Após dormir por horas no esconderijo improvisado que conseguiram, bem no centro da cidade, com a tensão da guarda circulando por todos os lados - mas sem necessariamente vê-los -, ela acordou desnorteada. Sentiu angústia, medo e ansiedade ao notar-se fora de casa, do conforto e proteção que sempre a cercou sem que ela notasse.

A falta de tudo aquilo acentuava a situação em que se encontrava: sem-teto, correndo dos policiais junto com um sujeito estranho e que ela não conhecia, nem de nome. Sabia apenas que ele tinha salvo sua vida - mas preferia não lembrar, não pensar nisso.

- É bom ver você acordada. Desculpe tudo que você tem passado...

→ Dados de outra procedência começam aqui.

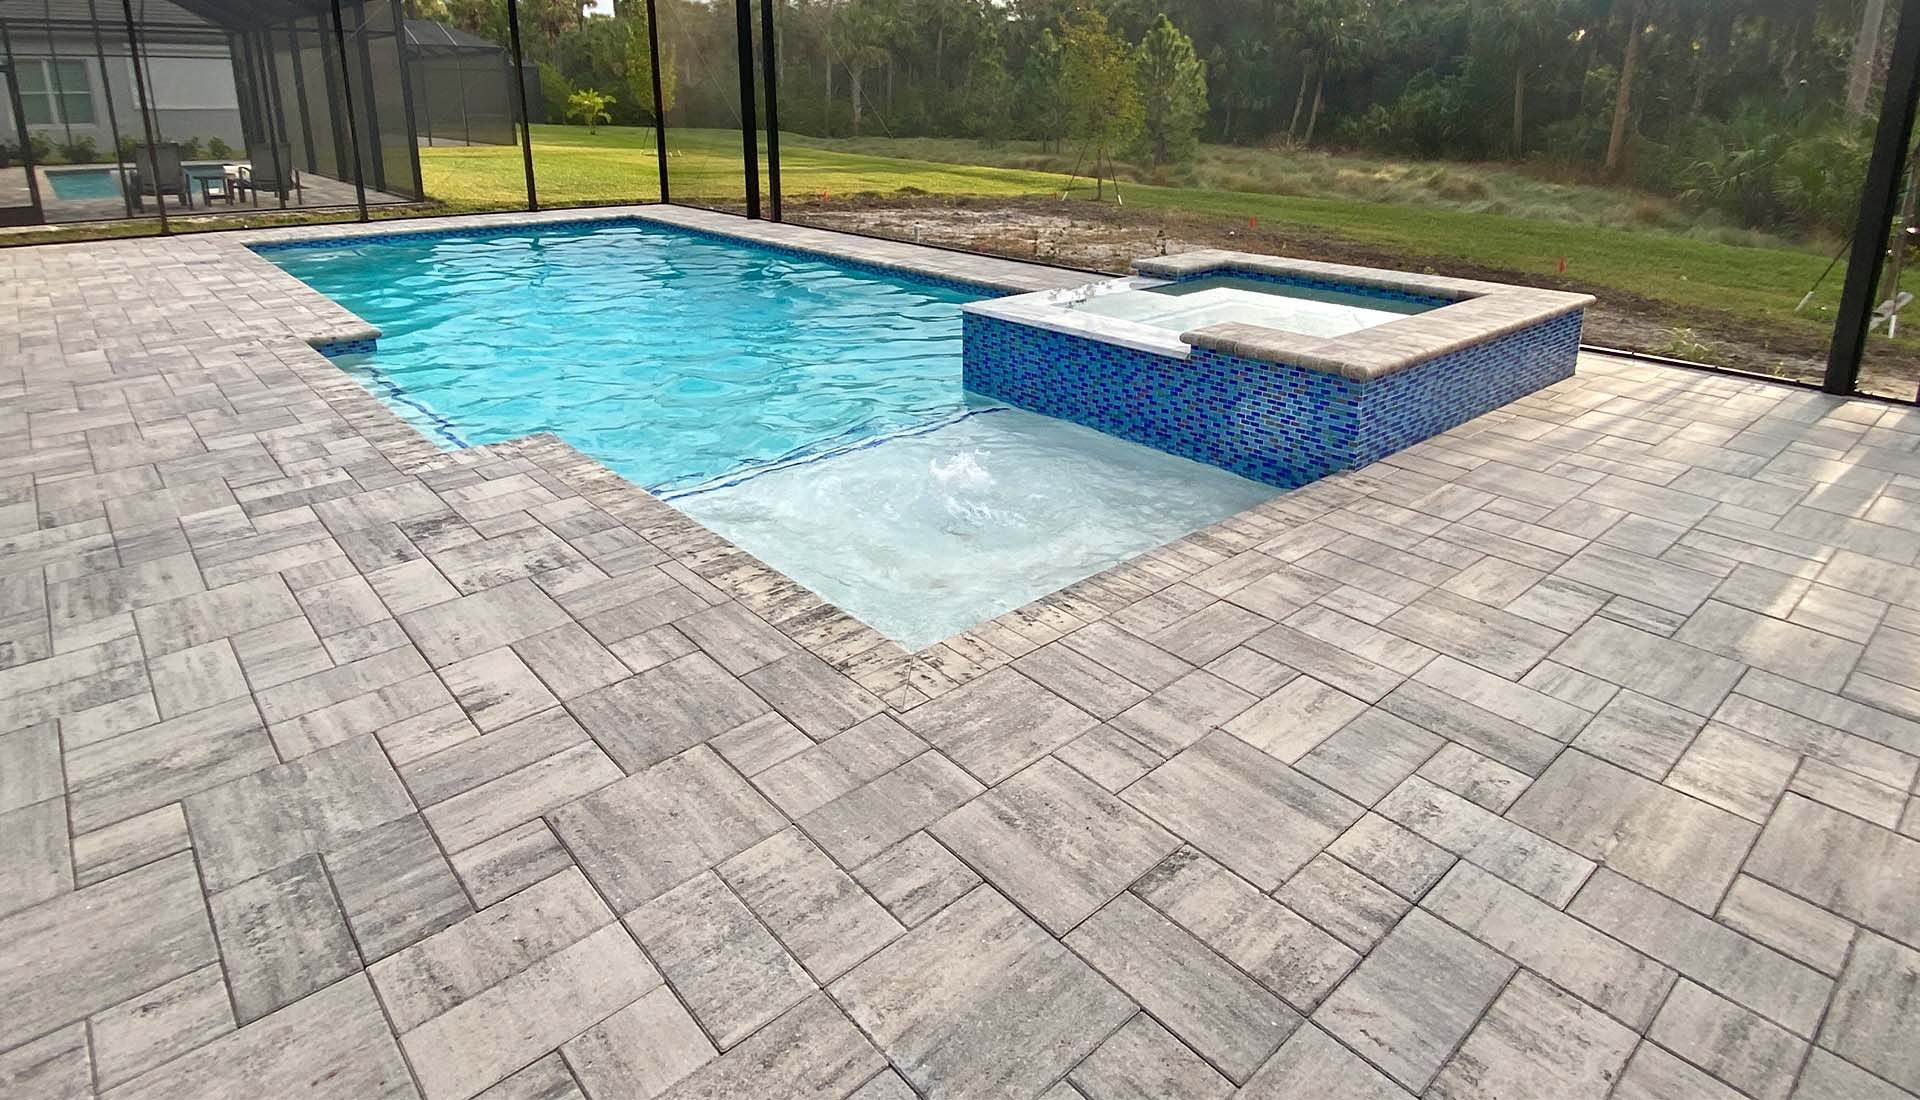 4 - Photo of Cement Pavers and spa - Pool and Deck Concepts, Naples, FL
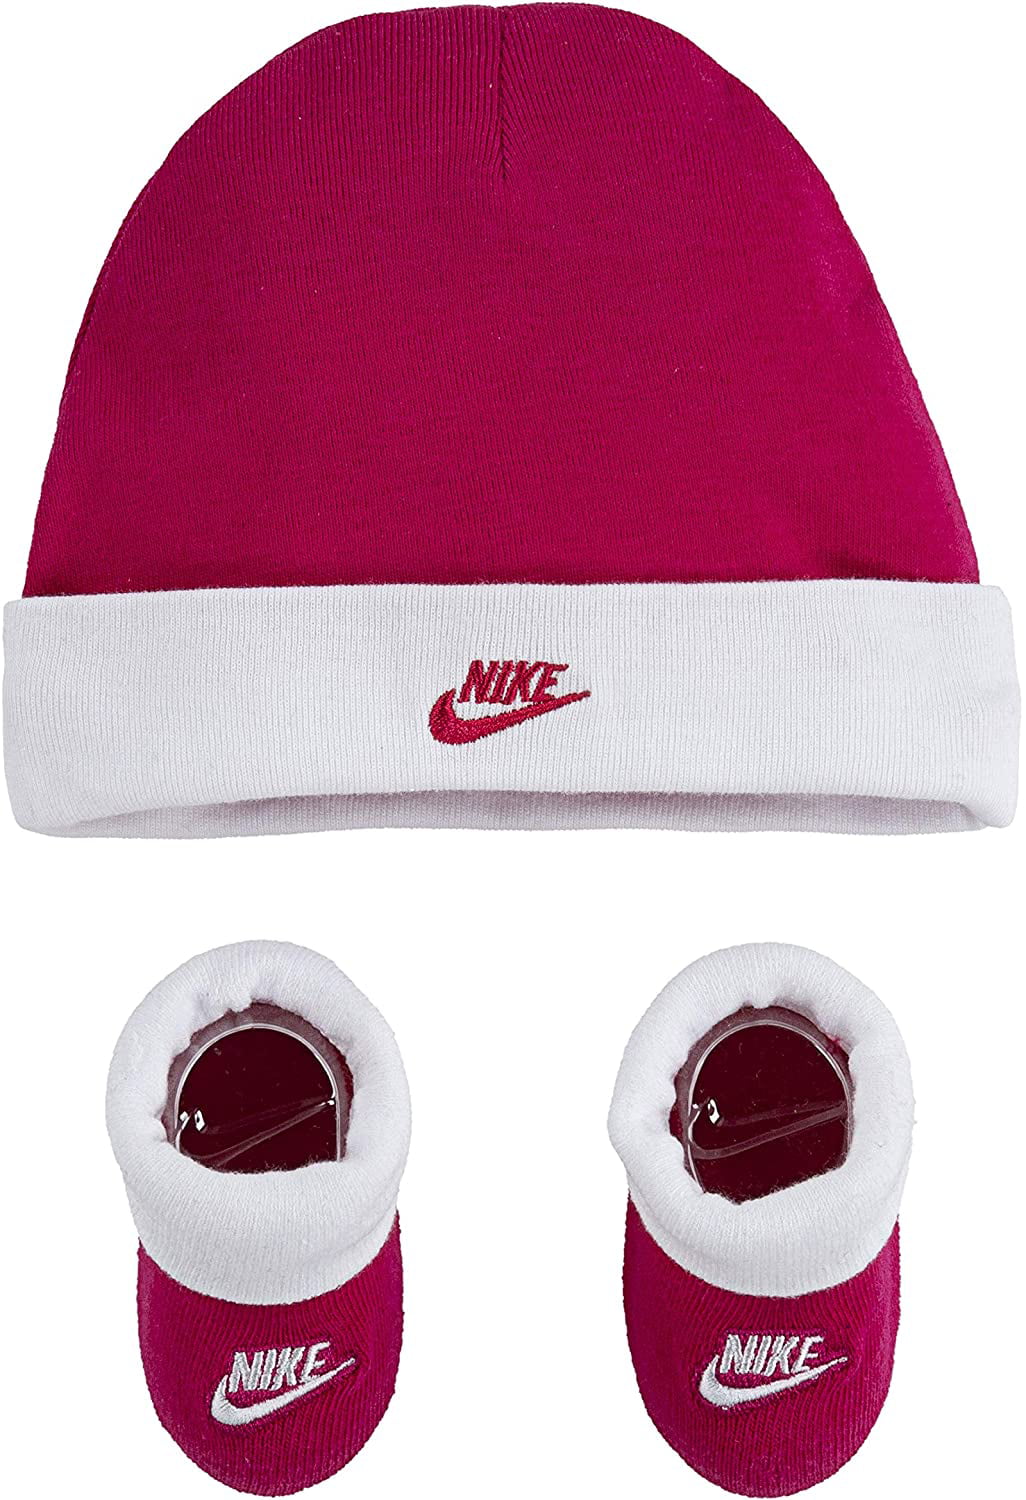 Coordinate Decent Calligrapher Nike 2-Piece Set Red/White Hat and Booties Baby Boys 0-6 Months -  Walmart.com

Sentiu imediata atração, respeito e pena por ele. Sua voz transpareceu a honestidade das palavras e isso a comoveu, seja por estar totalmente abalada e fora de seu elemento, seja por ser um daqueles poucos momentos em que nos vemos perto de pessoas que realmente... "fazem diferença".

- Não se desculpe. Mesmo.

Em um impulso, quase tomou as mãos dele para acalentá-lo, mas viu-se interrompendo o movimento, temerosa de como ele receberia essa demonstração de carinho e gratidão.

- Você salvou minha vida, mais de uma vez. Quem tem que pedir desculpas aqui sou eu.

Notou nos olhos dele uma tristeza que não era normal, como alguém que não vê saída para uma situação que envolve tudo aquilo que mais lhe é caro. Havia desespero, desencontro, angústia e confusão no olhar dele.

- Escute, não podemos ficar aqui, estamos bem no centro e...

Com um movimento, ele a fez calar. Seu olhar mudou e ele era agora uma pessoa decidida, que sabia o que fazer e para onde ir.

- Não, aqui é o melhor lugar. Estão procurando por nós próximo a fronteira, que foi onde nos perderam. Devem imaginar que saímos da cidade. Se continuarmos aqui, parados, teremos uma chance.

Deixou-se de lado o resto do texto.